Kerusakan pada buah-buahan dan sayuran mudah terjadi pada saat setelah
dipanen, disebabkan karena terjadi kegiatan metabolik. Salah satu proses
metabolik adalah respirasi. Semakin tinggi laju respirasi, maka semakin pendek
umur simpan dari suatu produk pertanian. Kecepatan respirasi pada buah adalah
indikator bagi aktivitas metabolik jaringan. Oleh karena itu respirasi dapat
digunakan sebagai petunjuk terhadap potensi umur simpan buah. Menurut
Pantastico (1989) kecepatan respirasi yang tinggi umumnya berhubungan dengan
umur simpan yang pendek. Bila kecepatan laju respirasi buah diukur selama
periode perkembangan, pematangan, pamasakan dan pelayuan, maka akan
diperoleh pola respirasi yang khas. Kecepatan respirasi yang tinggi pada buah
yang belum matang dan selanjutnya akan menurun sesuai dengan umurnya.

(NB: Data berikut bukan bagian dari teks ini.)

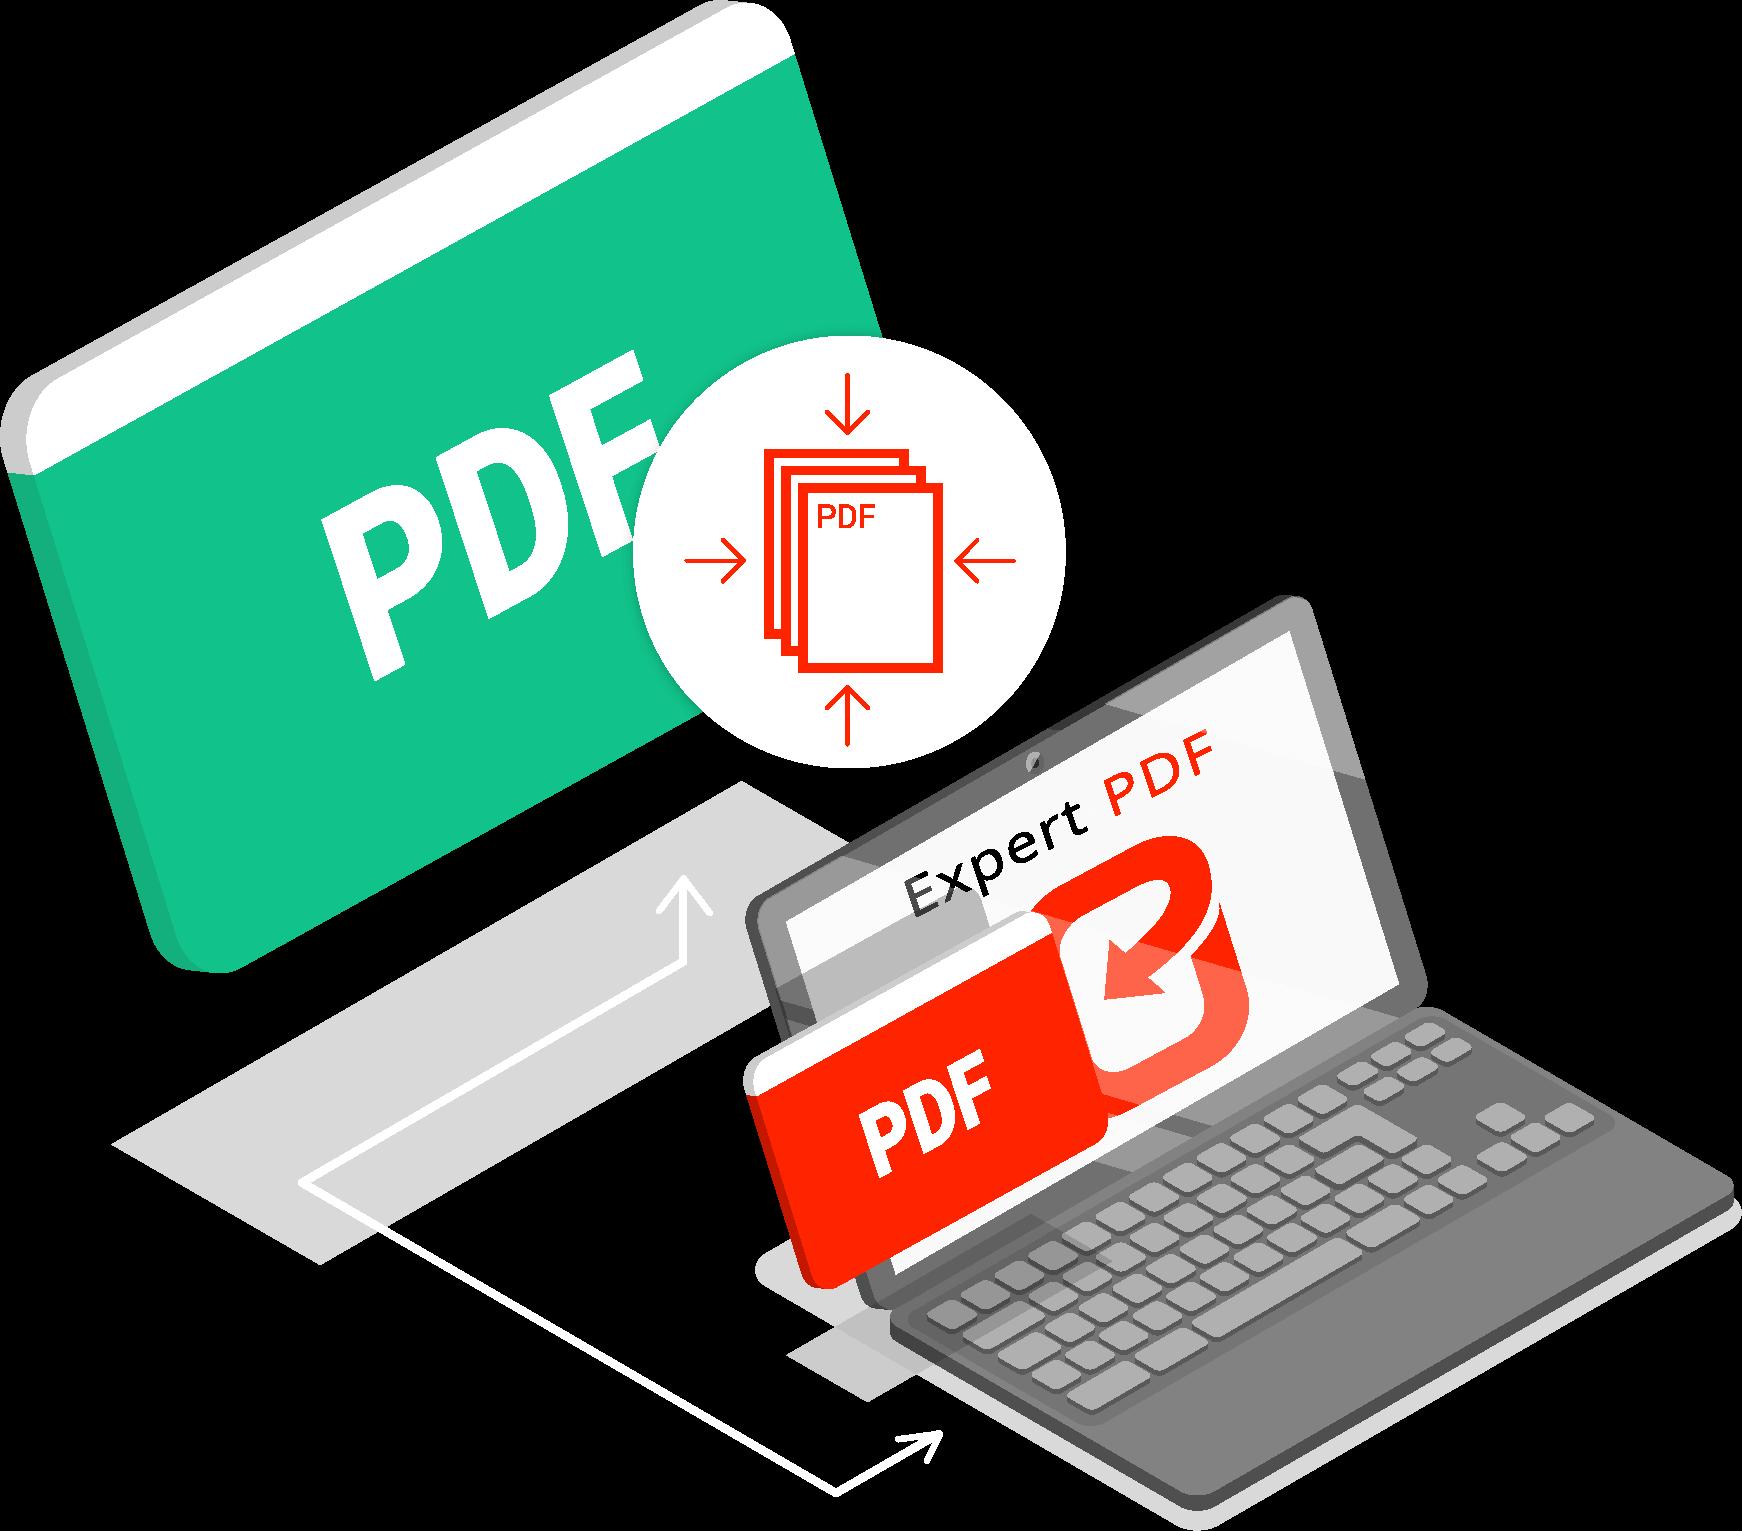 HUR MAN KOMPRIMERAR EN PDF-FIL MED EXPERT PDF

Pada umumnya penurunan temperatur diatas suhu 12oC sangat efektif untuk
memperpanjang daya simpan (shelf life). Suhu rendah memperlambat aktivitas
fisiologis dari produk-produk, dan juga memperlambat aktivitas mikroorganisme
tersebut dapat dibuktikan secara dramatik dengan menaikkan kandungan air
dalam biji-bijian sampai melebihi 15%, yang mengakibatkan kenaikan aktivitas
metabolisme dengan tiba-tiba (Pantastico, 1989).
D.Penyimpanan
Buah salak merupakan buah yang mudah mengalami kerusakan, maka dari itu
perlu penanganan khusus untuk mempertahankan kondisi salak agar tidak mudah
rusak. Ada beberapa metode penyimpanan yang dapat memperpanjang umur
simpan adalah sebagai berikut:
1. Pendinginan
Penyimpanan yang dilakukan pada suhu rendah menurut pengalaman dapat
memperpanjang daya simpan bahan pangan. Penggunaan suhu rendah sering
diartikan sebagai usaha penyimpanan dan bukan sebagai suatu usaha untuk
mengawetkan bahan pangan (Rachmawan, 2001).

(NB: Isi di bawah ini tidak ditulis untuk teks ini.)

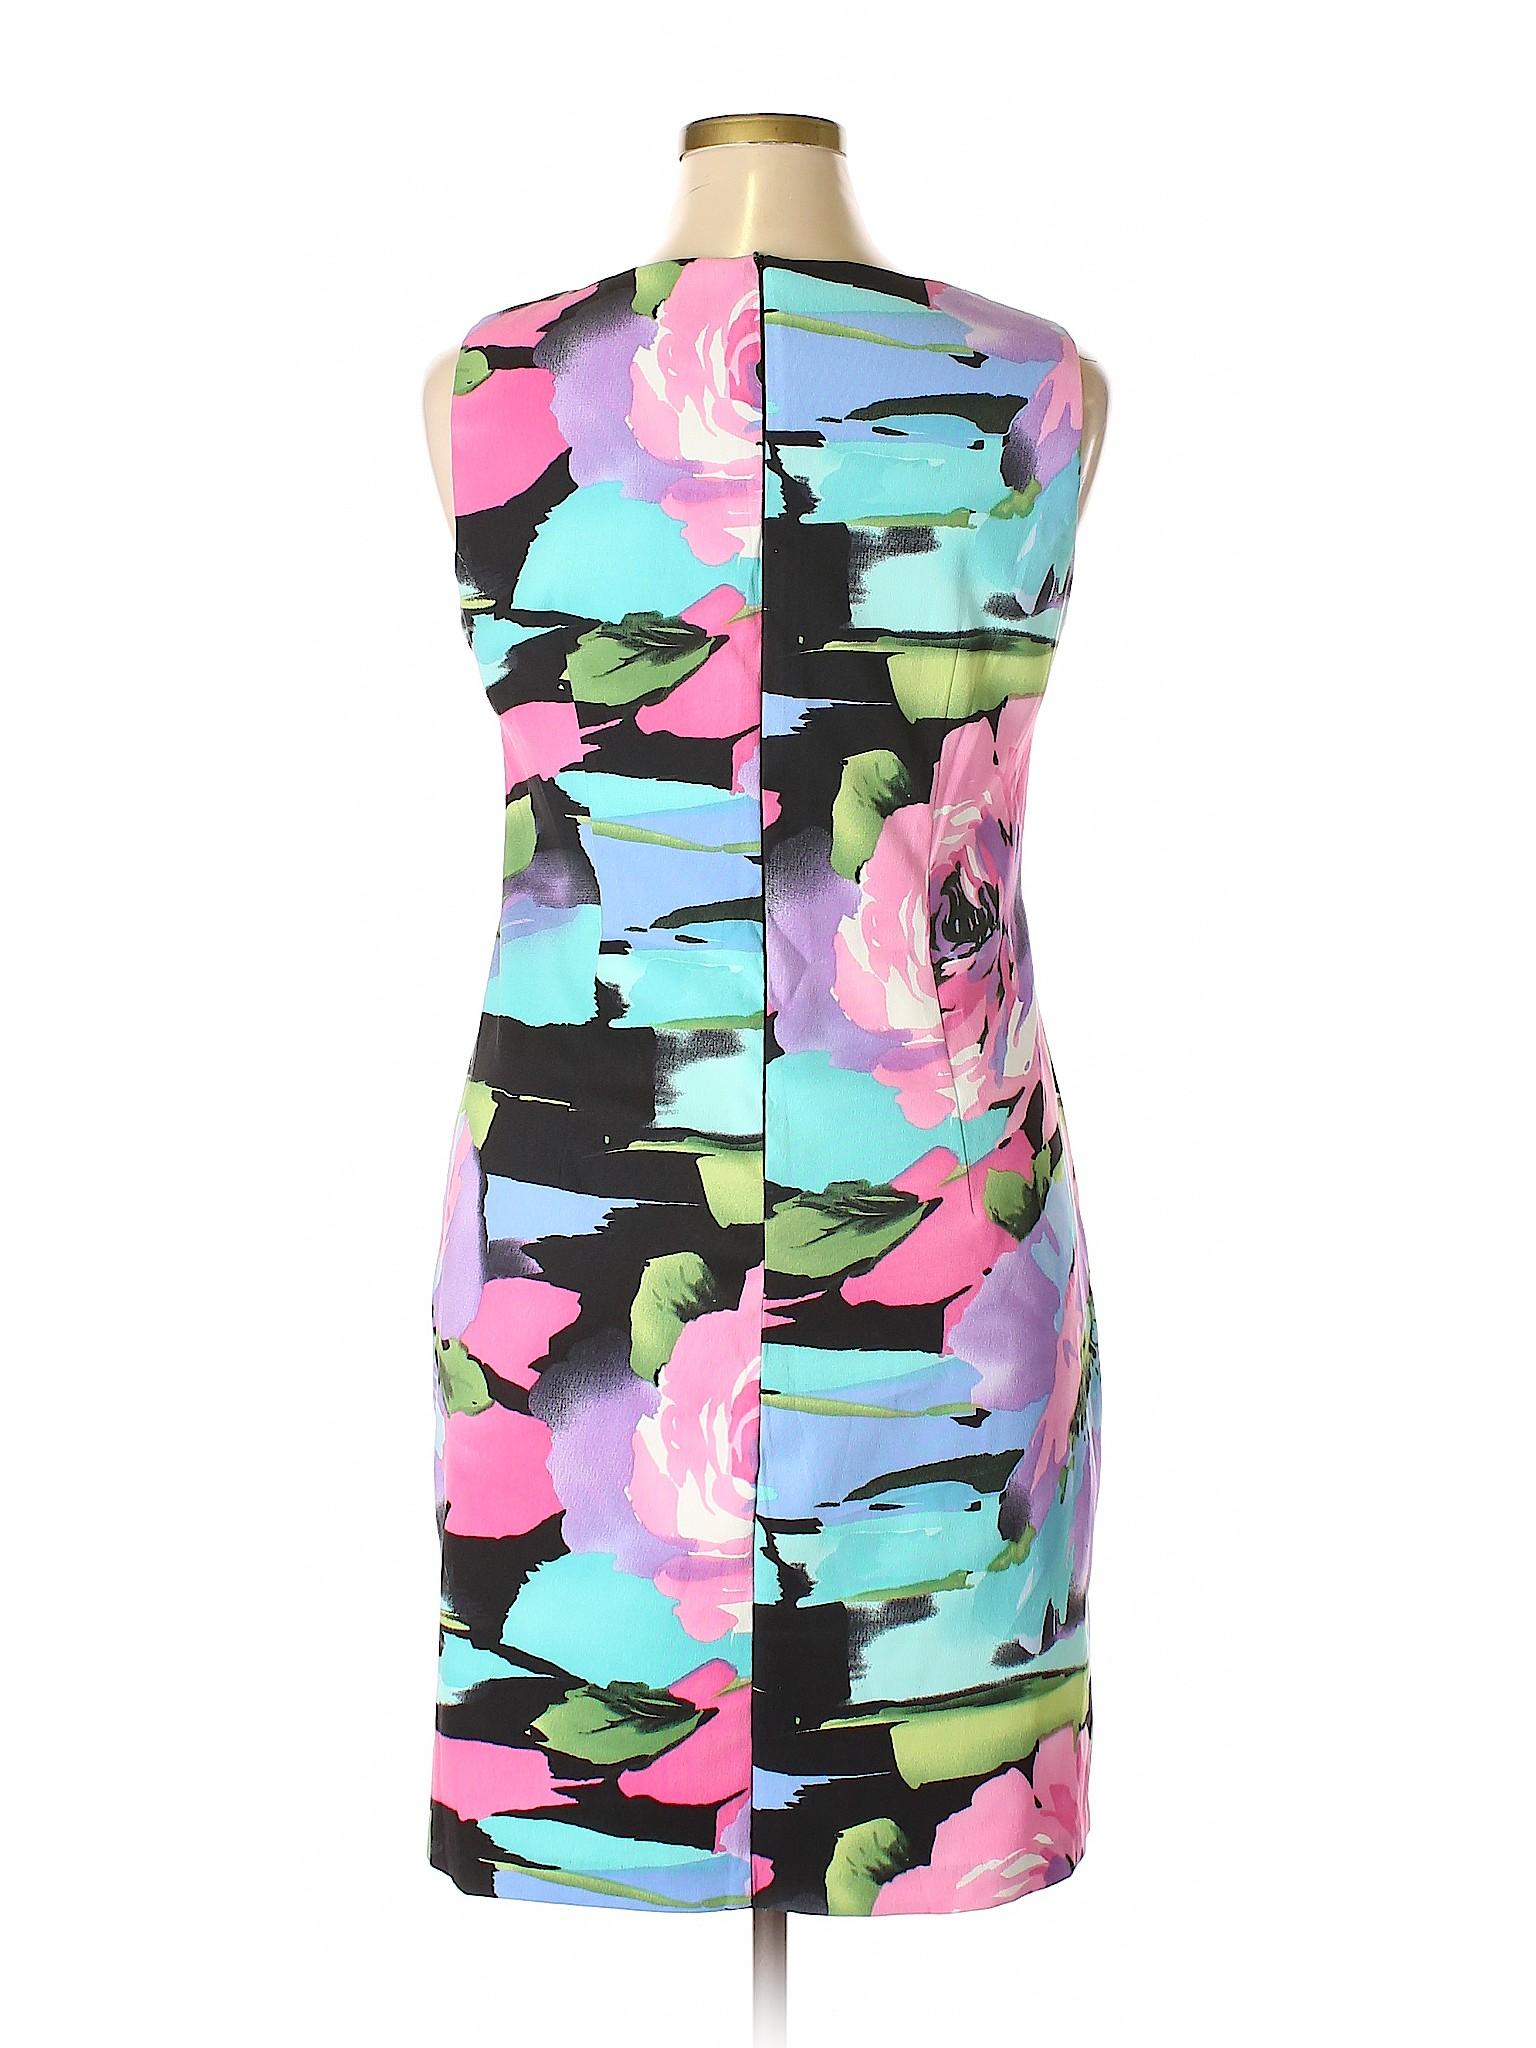 Casual Apparel winter Dress Connected Boutique qw1TXftn

Buah dan sayur-sayuran setelah dipanen masih mengalami proses respirasi hingga
membusuk. Perlu suhu optimum dalam berlangsungnya respirasi tersebut, yaitu
suhu dimana proses metabolisme berlangsung secara sempurna. Metabolisme
akan berjalan tidak sempurna apabila suhu lebih tinggi ataupun lebih rendah dari
suhu optimum. Proses metabolisme akan berkurang setengahnya setiap penurunan
8oC pada suhu penyimpanan (Santoso, 2006).
Beberapa produk hasil pertanian tertentu perlu mendapat perhatian khusus dalam
kerusakan akibat proses pendinginan (Chilling injuries) dan proses pembekuan
(Freezing injuries). Chilling injuries terjadi pada produk yang disimpan diatas
suhu beku dan diantara 5 – 15oC tergantung sensitivitas komoditi. Freezing
injuries terjadi produk yang disimpan dibawah titik bekunya (Santoso, 2006).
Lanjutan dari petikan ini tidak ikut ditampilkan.